The original X-Men are either dead or retired. Professor X is missing, and the current X-Men are being led by Magneto. Anti-mutant hysteria is rising. Amidst all of this, the Avengers and the Fantastic Four find Jean Grey, alive and well, encased in a coccoon at the bottom of the ocean. This event leads the original X-Men to band together and form X-Factor. Publically, X-Factor is a group of mutant hunters. Privately, they find and train mutants, just as Xavier did with them.

High Point

Issue 15 was the best of the set, with some major changes for the Angel.

Low Point

I’ve got to go with the Power Pack cross-over. I’ve never been a fan of the group, but when that issue (published long before Whedon’s work on Astonishing X-Men) includes a scene where Cyclops lifts his visor to get a clear look at the kid he’s holding onto and comforting, you’ve just got a blatant failure of the creative parties involved to do the proper research and maintain proper editing standards.

The Scores

This is original in several ways. True, it’s the original team, but it doesn’t feel anything like those early issues of the team. It’s not an attempt to recapture past glory, but a chance to go somewhere new with great characters that weren’t in use at the time. I give it 5 out of 6.

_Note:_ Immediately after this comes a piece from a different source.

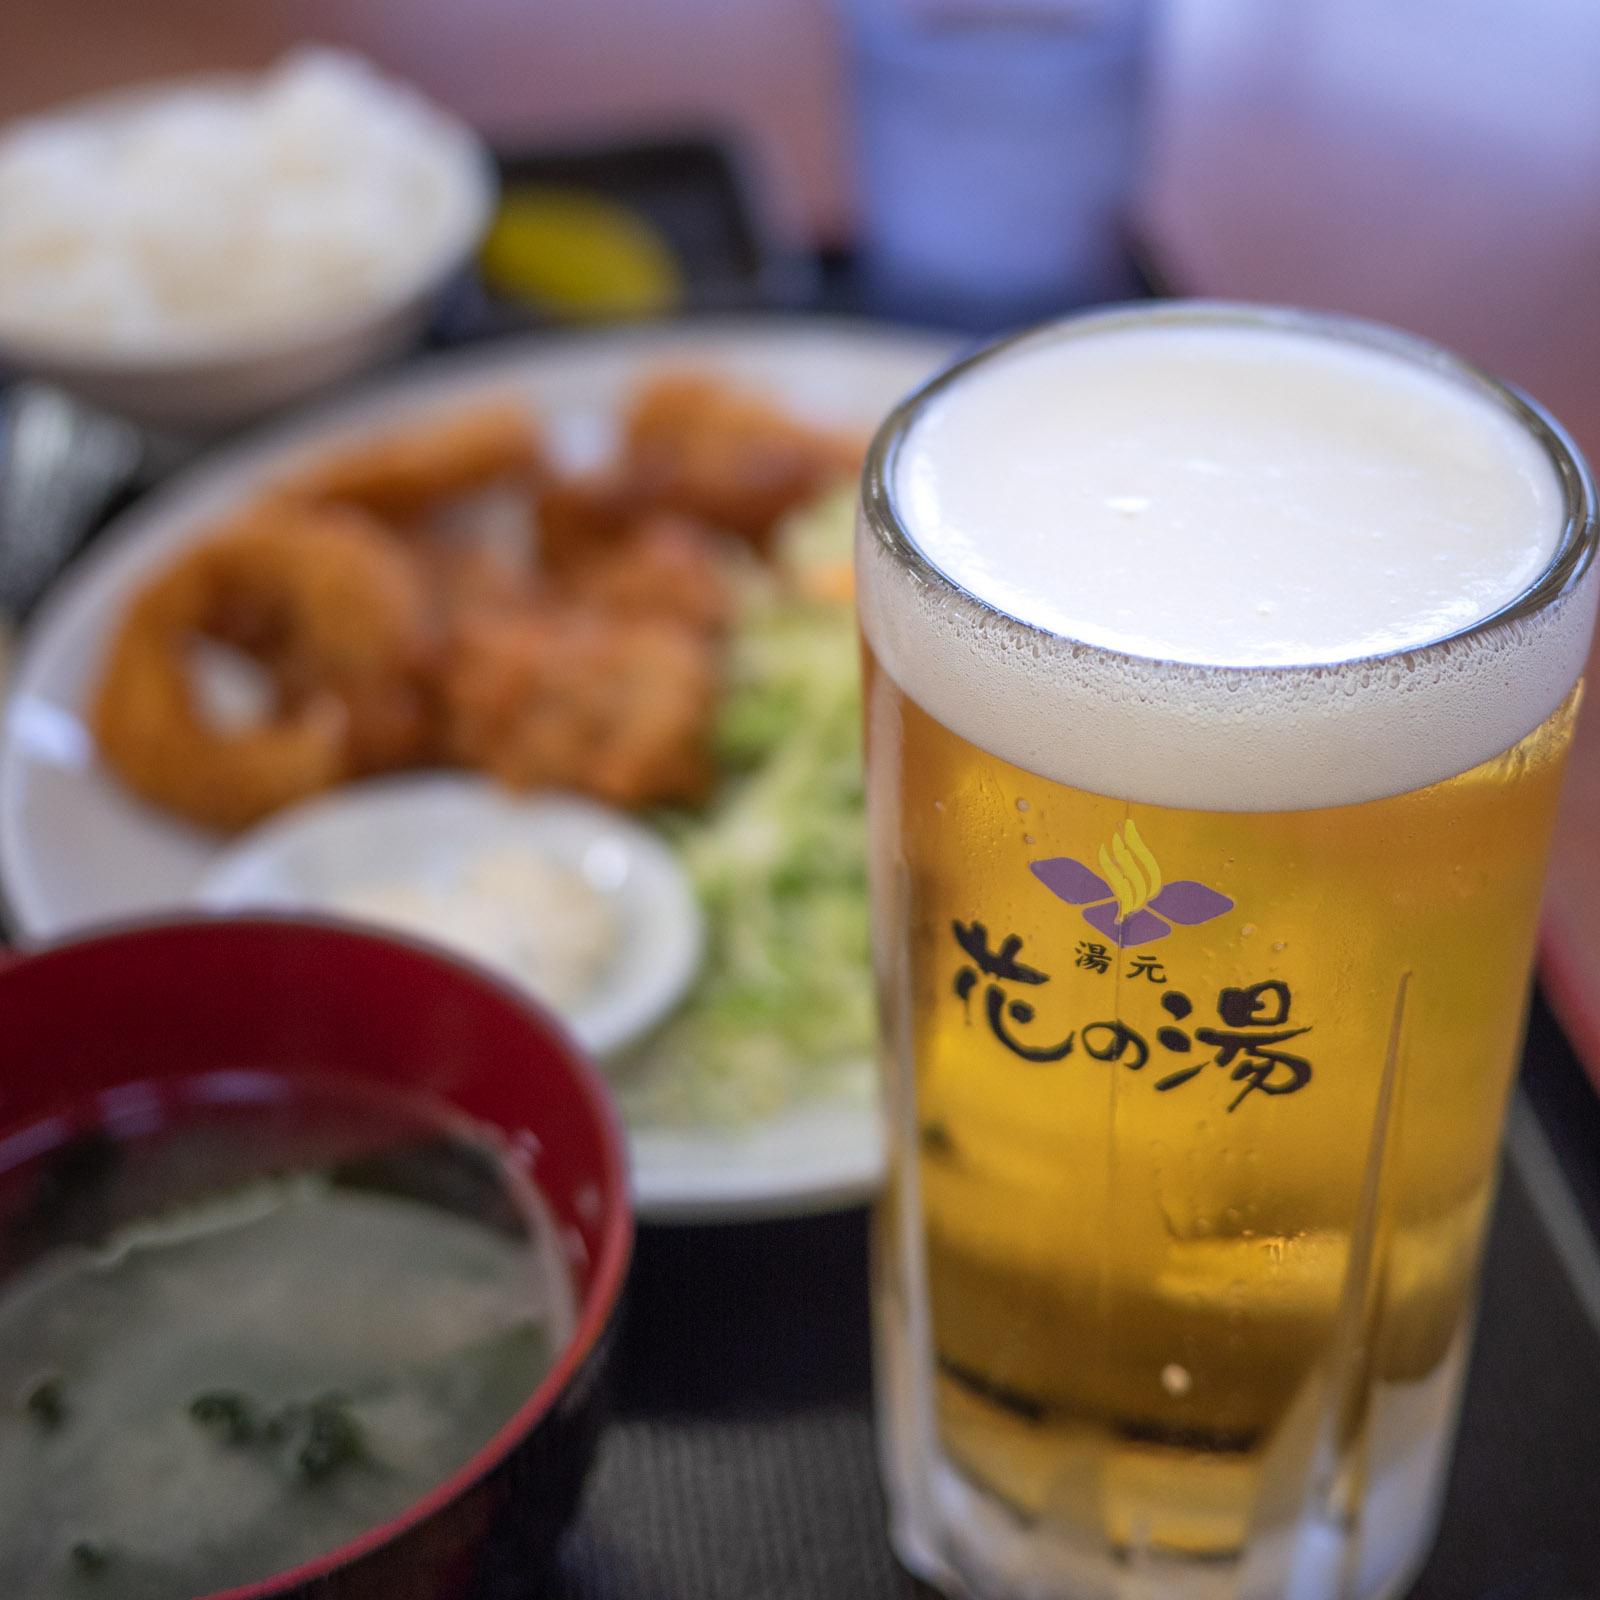 花の湯の生ビール450円税込 DMC-GX8 + LUMIX 20mm

The art is mixed, partly due to the variety of art teams, and partly due to the poor reproduction of some of these issues. While it’s always possible to follow the action, sometimes that takes effort. Reproduction issues aside, there’s also an abundance of the really angular artwork that Marvel sometimes used in the 1980s. I give it 3 out of 6.

The story is where this excels. The plots are character driven, and they had actual, real long-term implications. This was Jean Grey’s first resurrection, Beast’s reversion to his less hairy form, and the first steps towards Angel’s transformation into Archangel. This also features appearances of Cable before anyone even knew who he was. I give it 5 out of 6.

The characterization is very strong, with the characters driving every story and every decision. Even the runaways and mutants they take in are well defined. I give it 6 out of 6.

The emotional response was strong, with interesting and engaging plots in a non-standard superhero format. I’m definitely on board when the as-yet-unsolicited volume two comes out in early 2007. I give it 5 out of 6.

The flow works fairly well, with a nicely serialized story running through the book, complete with cross-over issues. The jarring shifts in artists are the only real detriment here. I give it 5 out of 6.

Overall, it’s a strong collection, highly recommended to those interested in the Marvel mutant family. I give it 5 out of 6.

In total, Essential X-Factor Vol. 1 receives 34 out of 42.

One reply

  1. On The Art
    It’s not just the current reproduction – at least the original issues (all of which I have) of X-Factor with art by Jackson Guice really didn’t look great at the time. There was something about Guice’s penciling that just didn’t stand up to the printing process. You could see something good there but it looked "odd." The same thing happened with Guice’s work on the first issues of the relaunched [Wally West] Flash series. It was almost like his pencils were too light at times to be picked up once the inking, coloring and printing were done.

    X-Factor was a good series, all in wall. I particularly liked Walt Simonson’s art on the series (is this the "angular" stuff you meant?). It had a particularly dark theme from the start since the heroes were doing something they really didn’t want to do ("hunting" mutants), and the subsequent stories almost seemed to punish them for doing so. As a kid, it was a little hard to get into but upon rereading the series since growing up a bit more I was able to appreciate the dark direction they took.